The Keswicks, descendants of William Jardine’s sister, dominated the group as it expanded into shipping, property and insurance, acquiring enormous influence in the region. The Jardines chairman became known as the “taipan”, or big boss. The novelist James Clavell based a series of racy historical dramas on the family.
Nowadays the company’s wide-ranging interests include the Mandarin Oriental hotels and Asian branches of Ikea and Starbucks. AAL is a small but lucrative part of the empire, increasing net profits last year by 33% following record plantation earnings.
With Indonesia now the world’s largest palm oil producer, Sumatra – a lush, mountainous island where monkeys scamper in the bushes and water buffalo wander by the roadside – appears to be at risk of turning into one vast plantation. The short, stumpy oil trees are now beginning to blanket the landscape, with the monotony relieved only by occasional scarred brown hillsides.
As you fly over Tripa, designated a priority conservation site under a United Nations plan to save the great apes, the scale of devastation becomes clear. The green tangle of forest abruptly gives way to gigantic rectangles studded with thousands of palms. Numerous illegal fires are visible, including on AAL’s estate.
The peat swamps not only harbour exceptional biodiversity, they also acted as a protective buffer when the 2004 tsunami struck Sumatra’s Aceh province. They also hold massive carbon stores, which are now being released, exacerbating climate change.

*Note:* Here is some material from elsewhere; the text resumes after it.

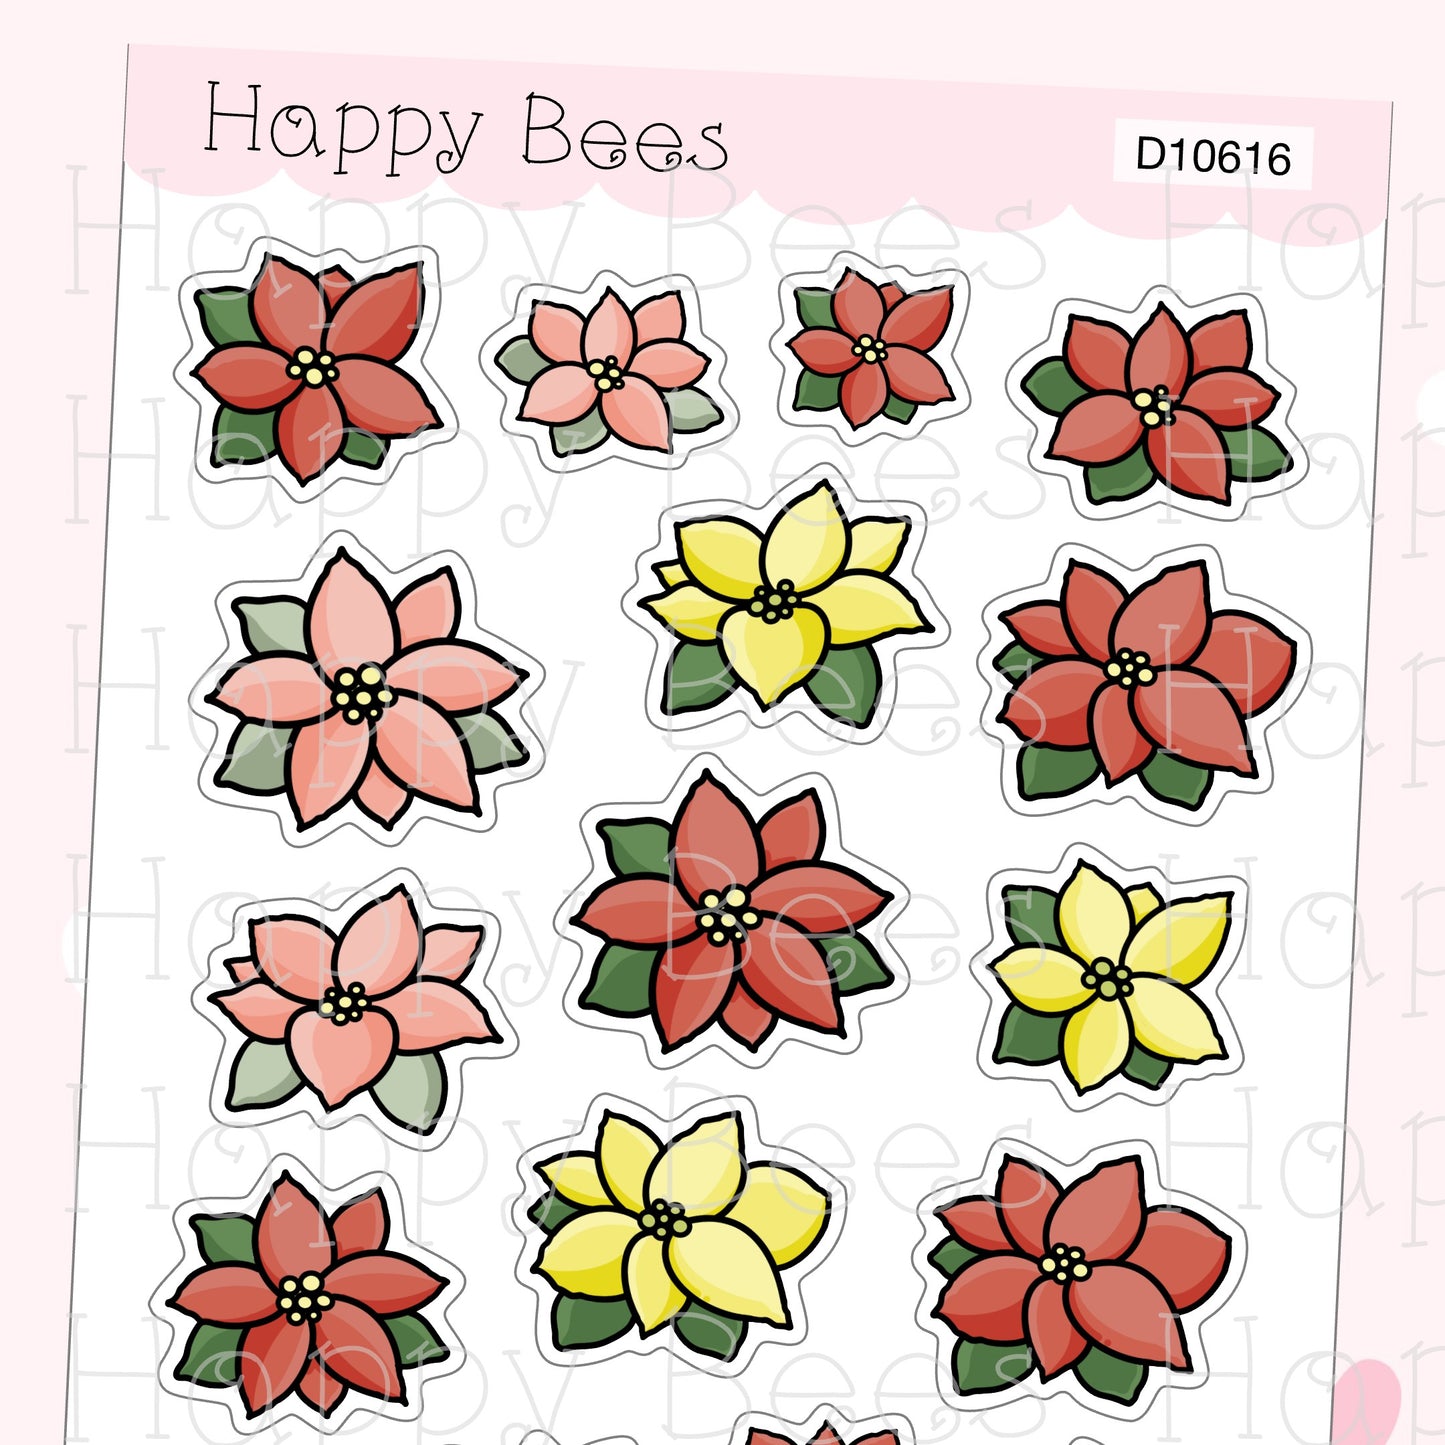 Poinsettias Doodles - Cute Christmas Floral Winter Holiday Planner Stickers D10616

Helen Buckland, UK director of the Sumatran Orangatan Society, said this week: “It is frankly shocking that the chairman of Jardine Matheson has been knighted while his company is actively contributing to the demise of the Sumatran orangutan. British businesses must be held accountable for their part in the destruction of this globally important area of forest.”
In a statement, Jardines said: “Both AAL and Astra International take environmental stewardship seriously. AAL believes in and supports the preservation and conservation of the natural environment in Indonesia, and this is fully reflected in its sustainable palm oil growing programmes.”

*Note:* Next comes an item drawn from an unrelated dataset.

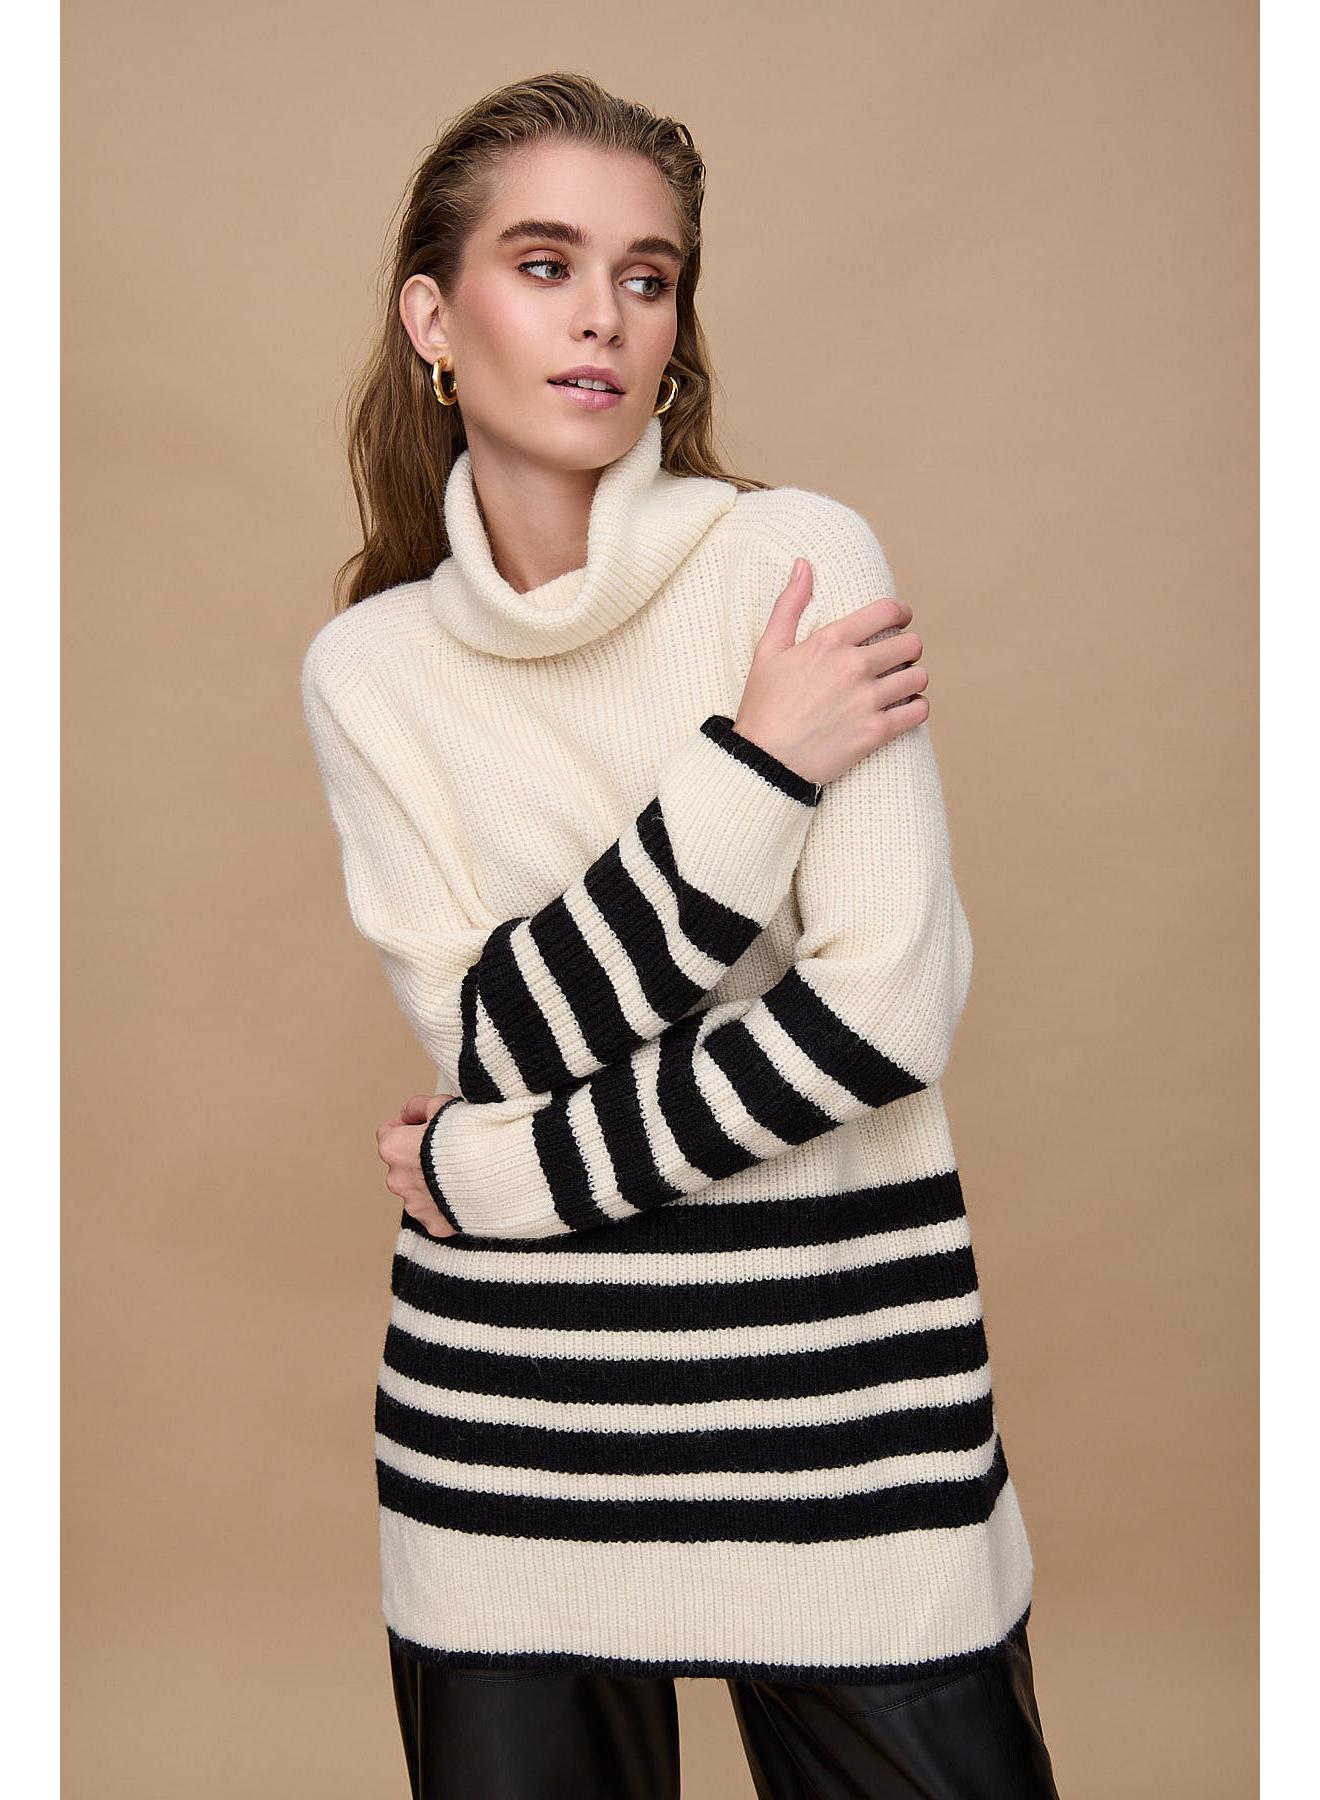 Turtlenet sweater with stripes - 4

The firm added it was confident AAL’s plantations function “in full compliance” with local laws, including environmental studies covering the potential impact on endangered species.
AAL denied destroying orangutan habitats and said it planned to develop only half its 13,000 hectares in Tripa because of conservation concerns. It denied setting fires and said it operated according to sustainable principles and practices, taking “careful account of the economic, social and environmental impact of all our plantations”.